━━━ RAW DATA

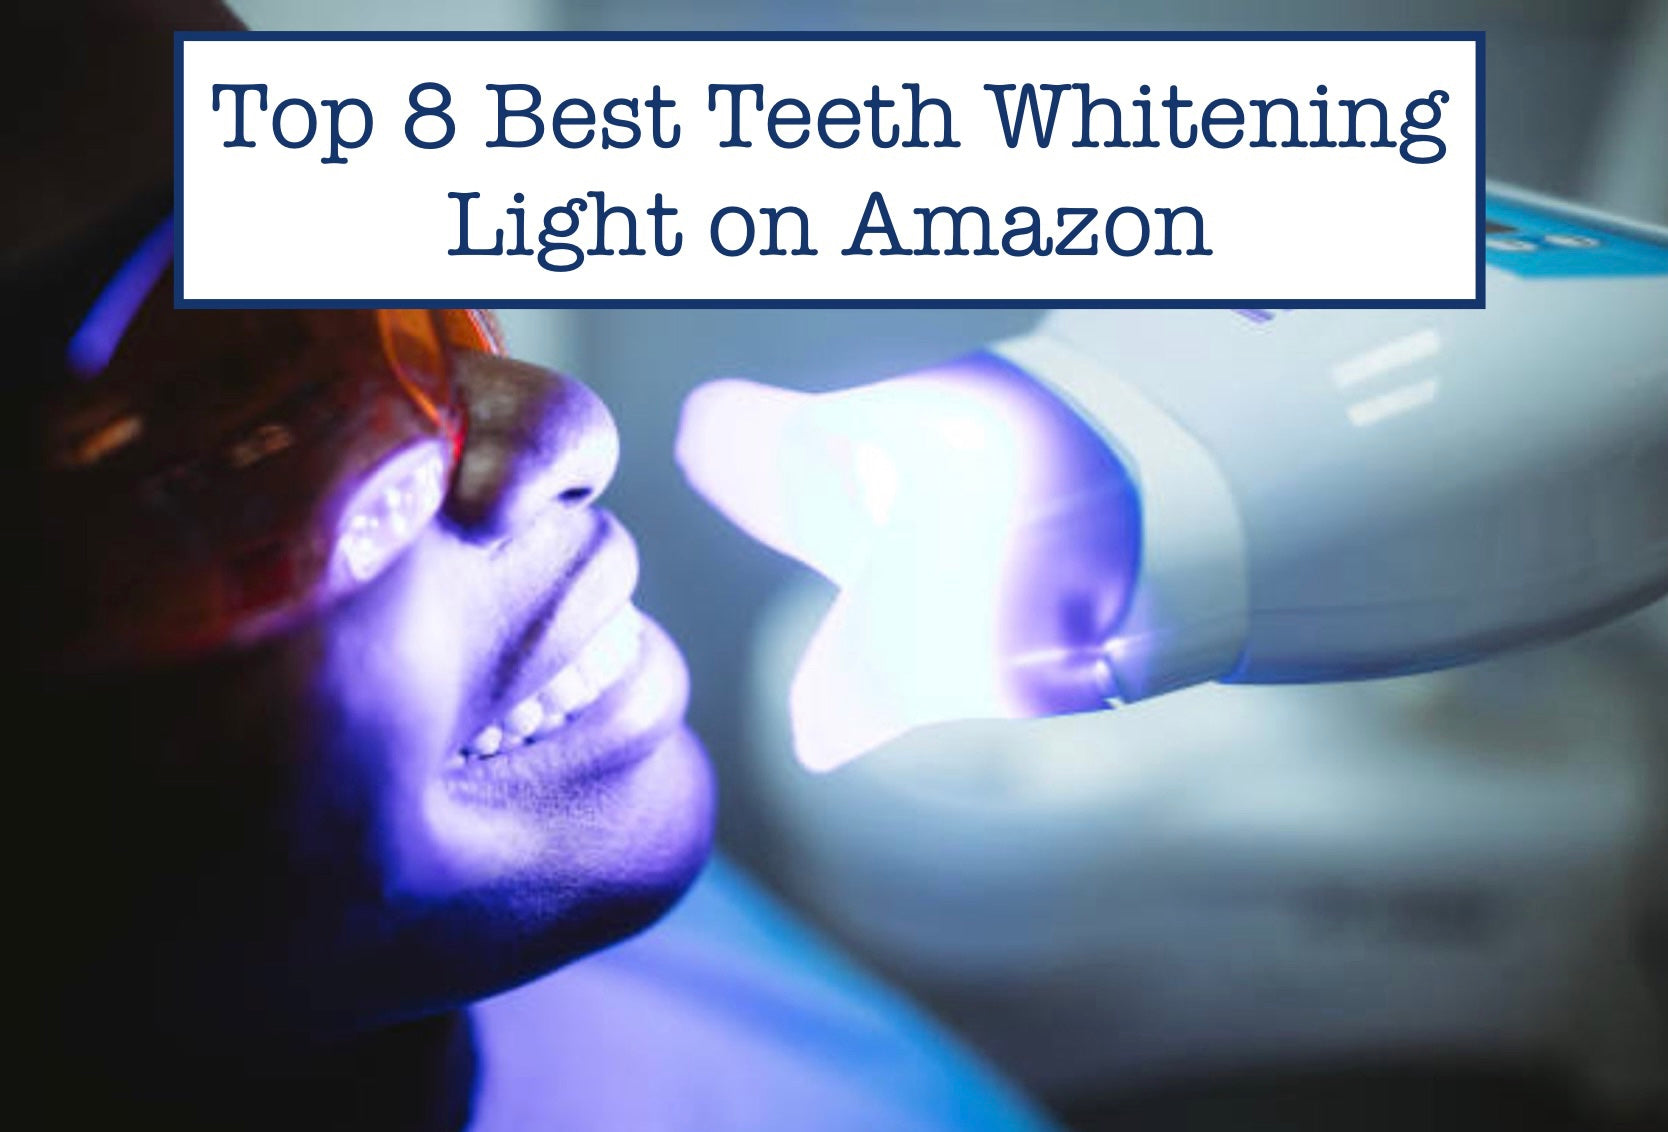 Top 8 Best Teeth Whitening Light on Amazon
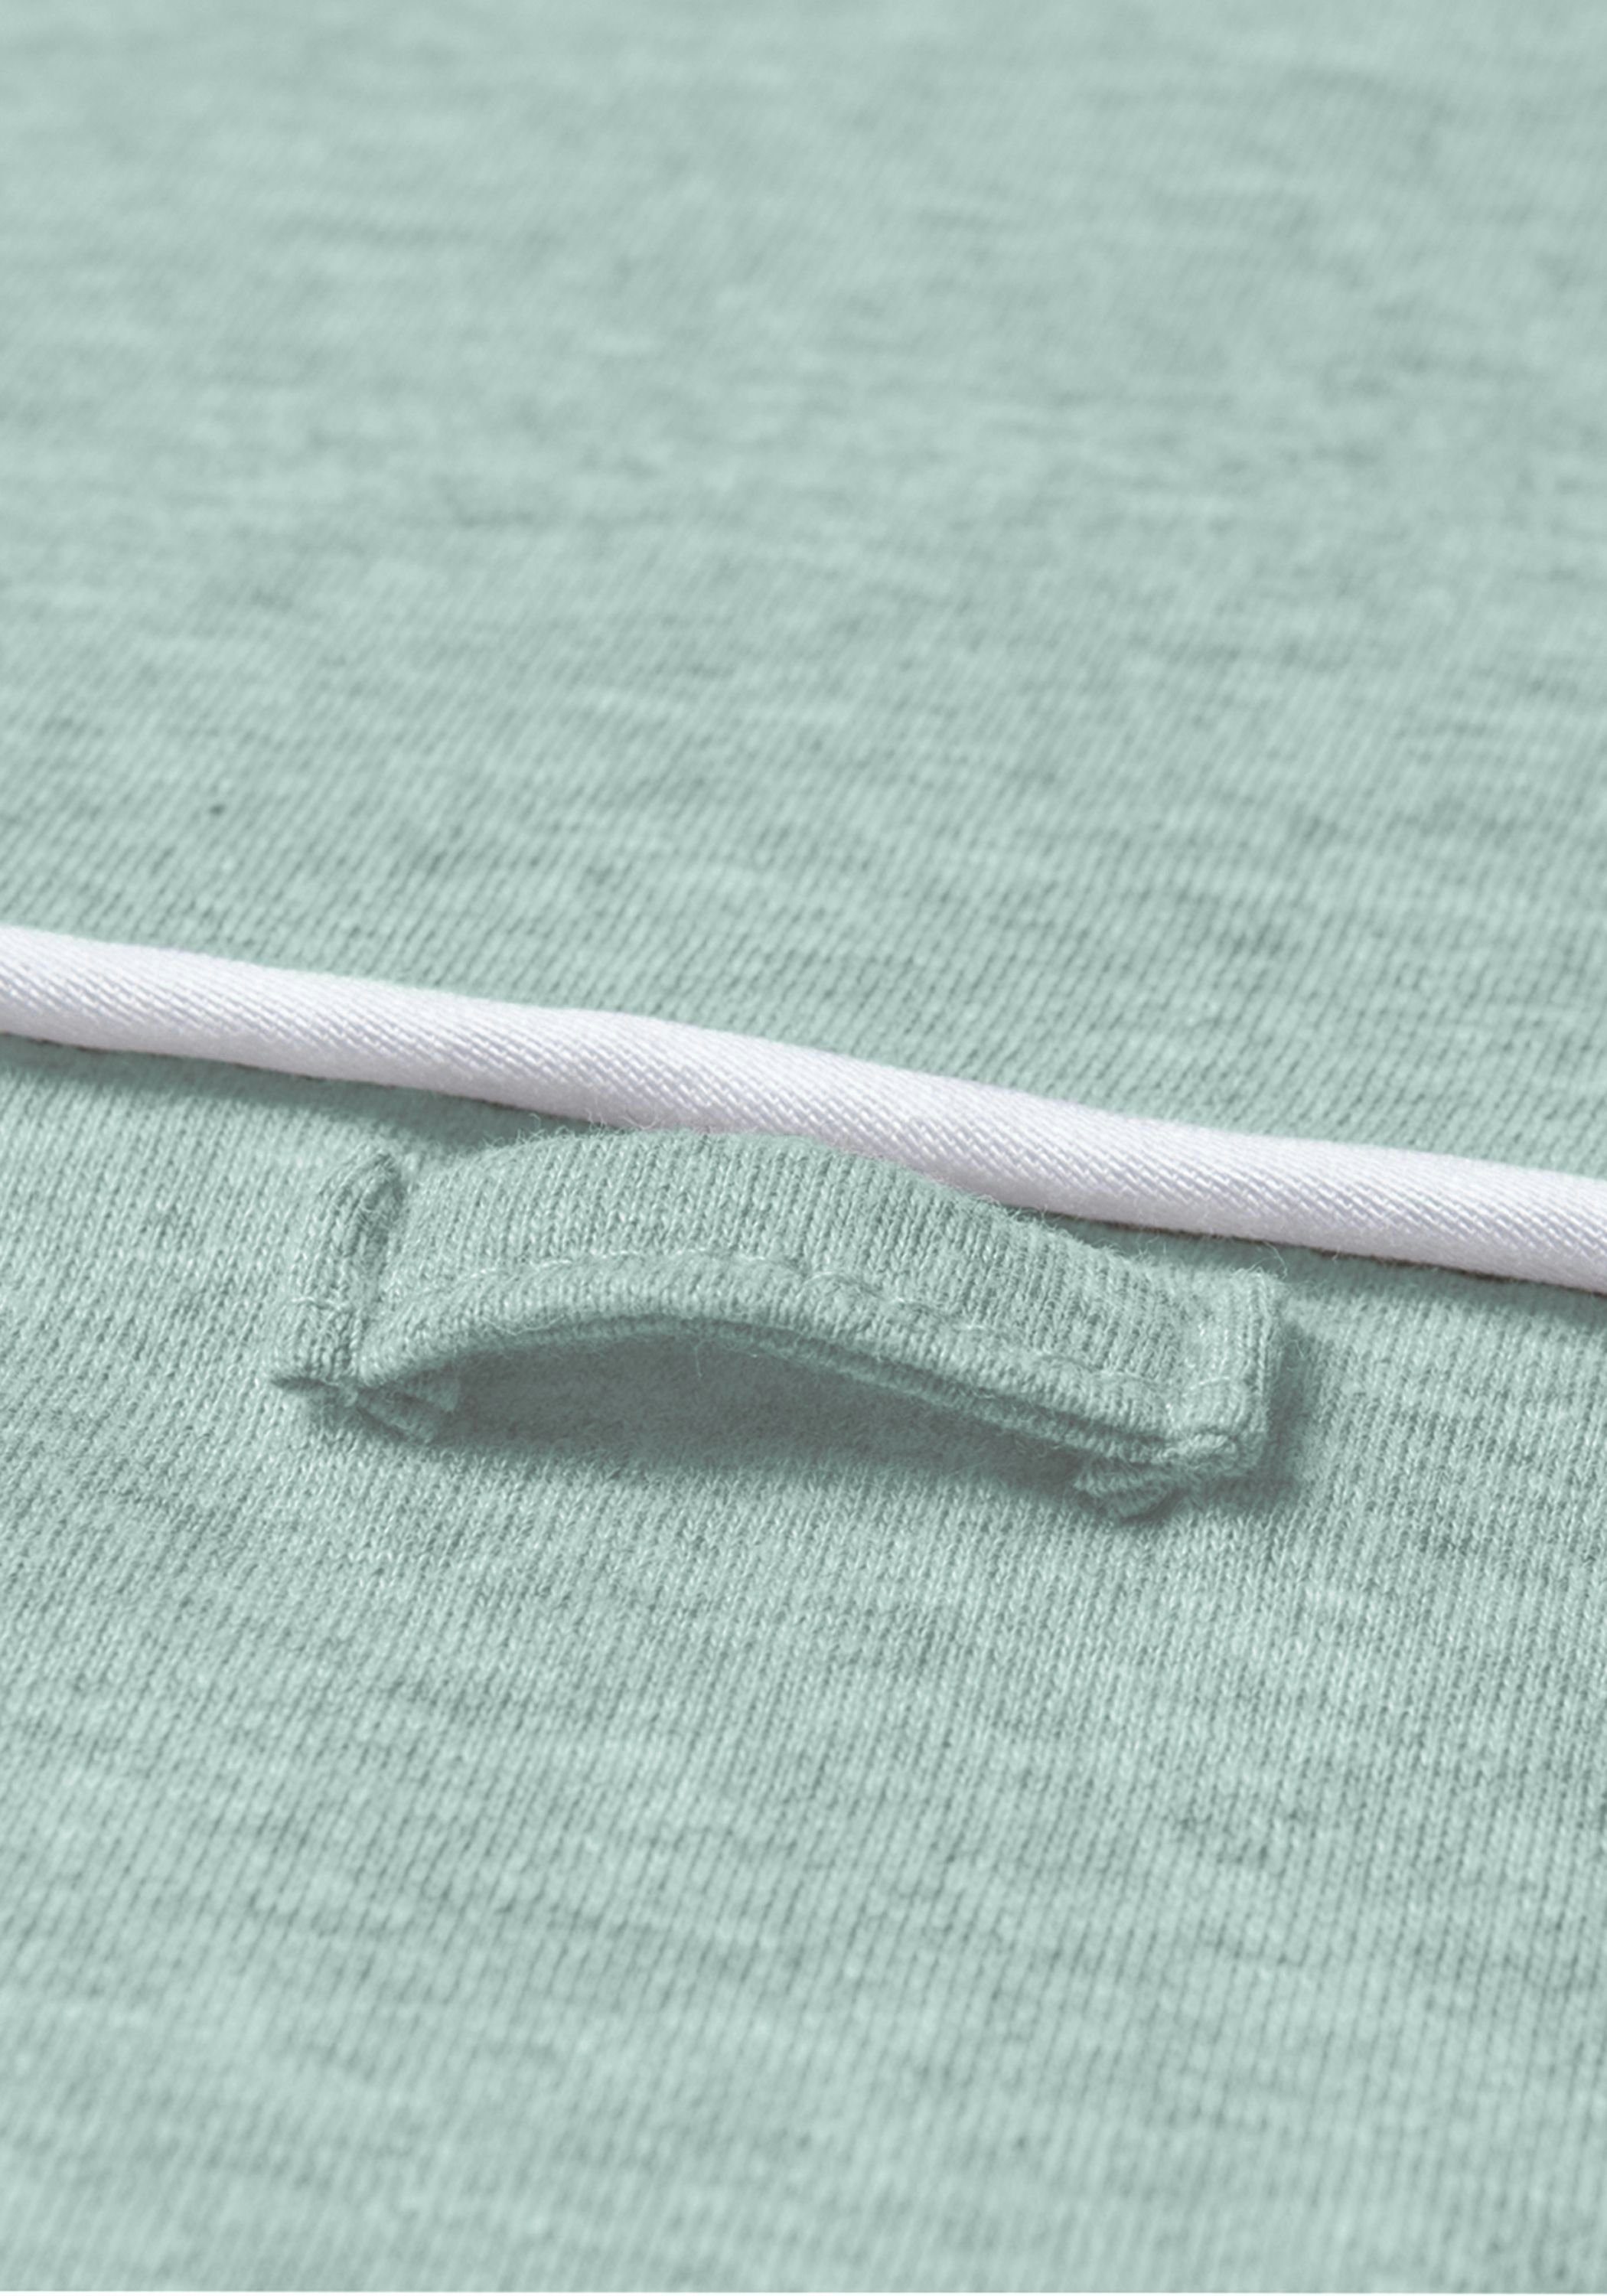 Nordic Coast Company Mint Baby Wechselbares cm] [70x80 100% Wickelunterlage Wickeltischauflage Handtuch Mintgrün Baumwolle Wickelauflage, zertifizierte Wickelauflage
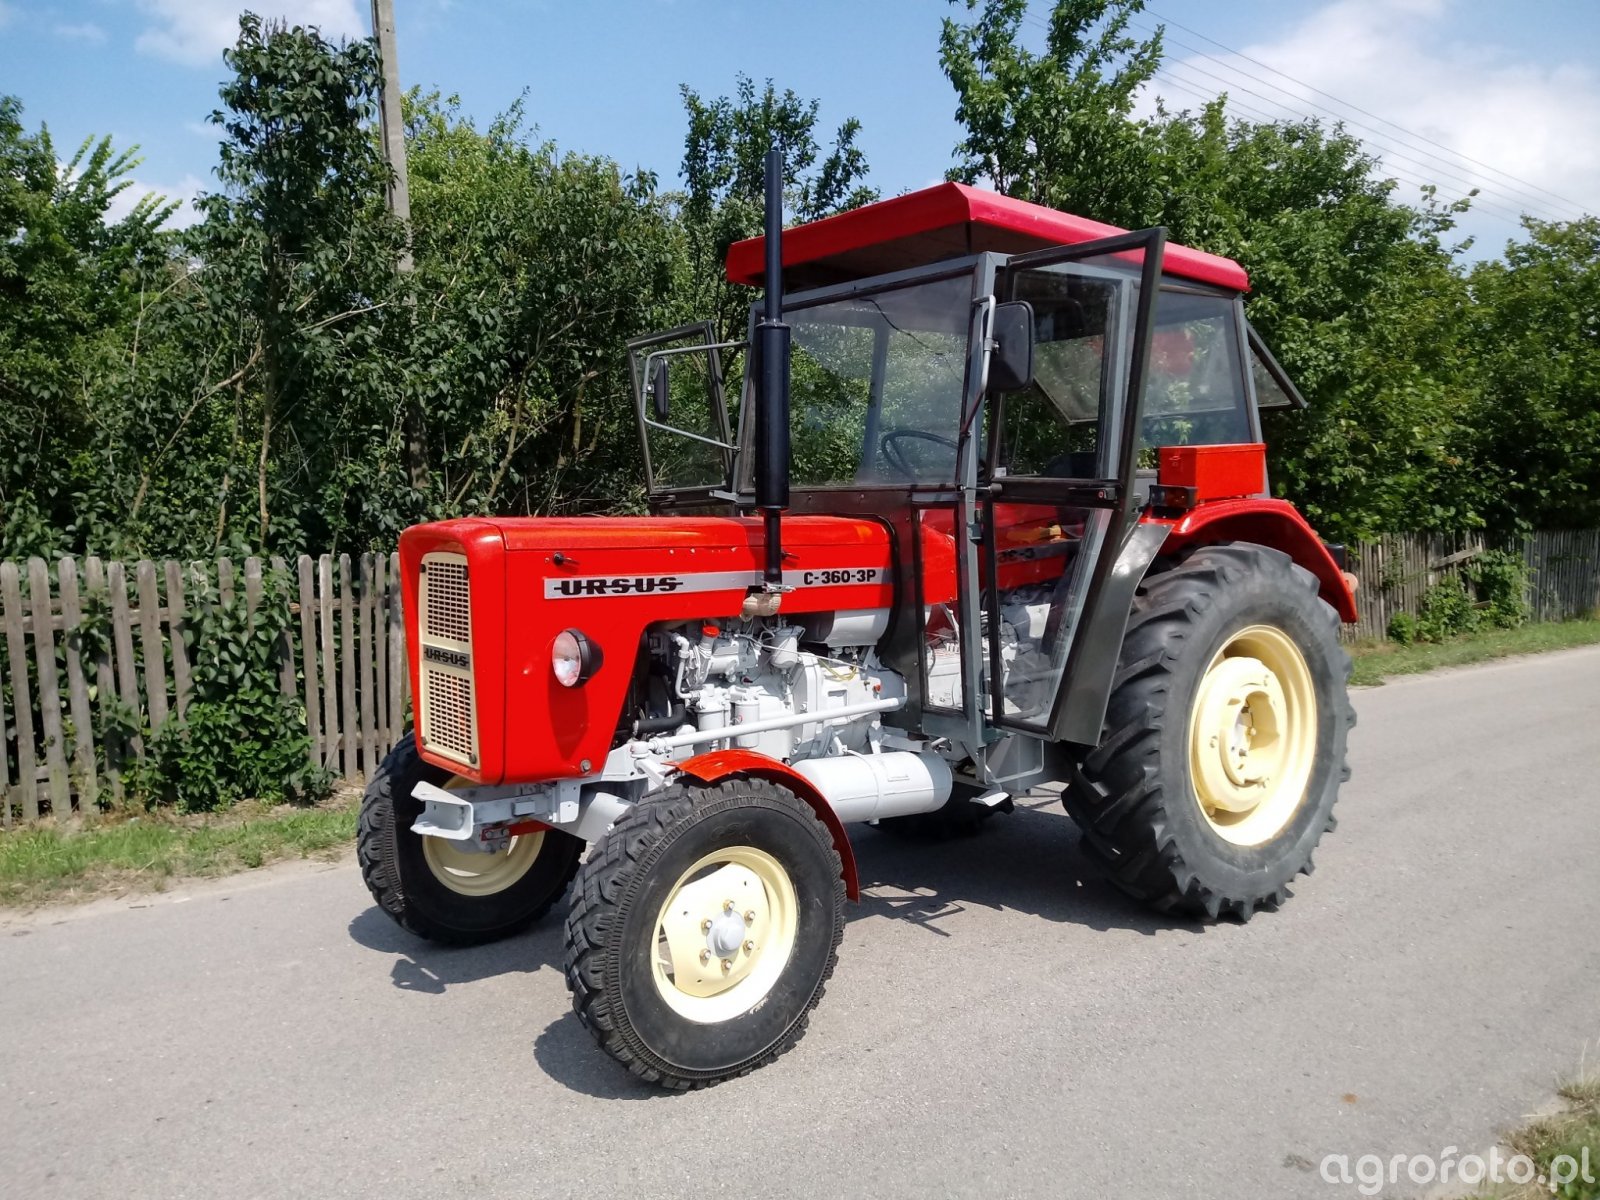 fotografia-traktor-ursus-c-360-3p-732794-galeria-rolnicza-agrofoto

━━━━━━

[INSTRUCTIONS TO FOLLOW]:
Only the pictures are to be dropped; return everything else in the listing exactly.

[YOUR SOLUTION]:
 Top 8 Best Teeth Whitening Light on Amazon
 Nordic Coast Company Mint Baby Wechselbares cm] [70x80 100% Wickelunterlage Wickeltischauflage Handtuch Mintgrün Baumwolle Wickelauflage, zertifizierte Wickelauflage
 fotografia-traktor-ursus-c-360-3p-732794-galeria-rolnicza-agrofoto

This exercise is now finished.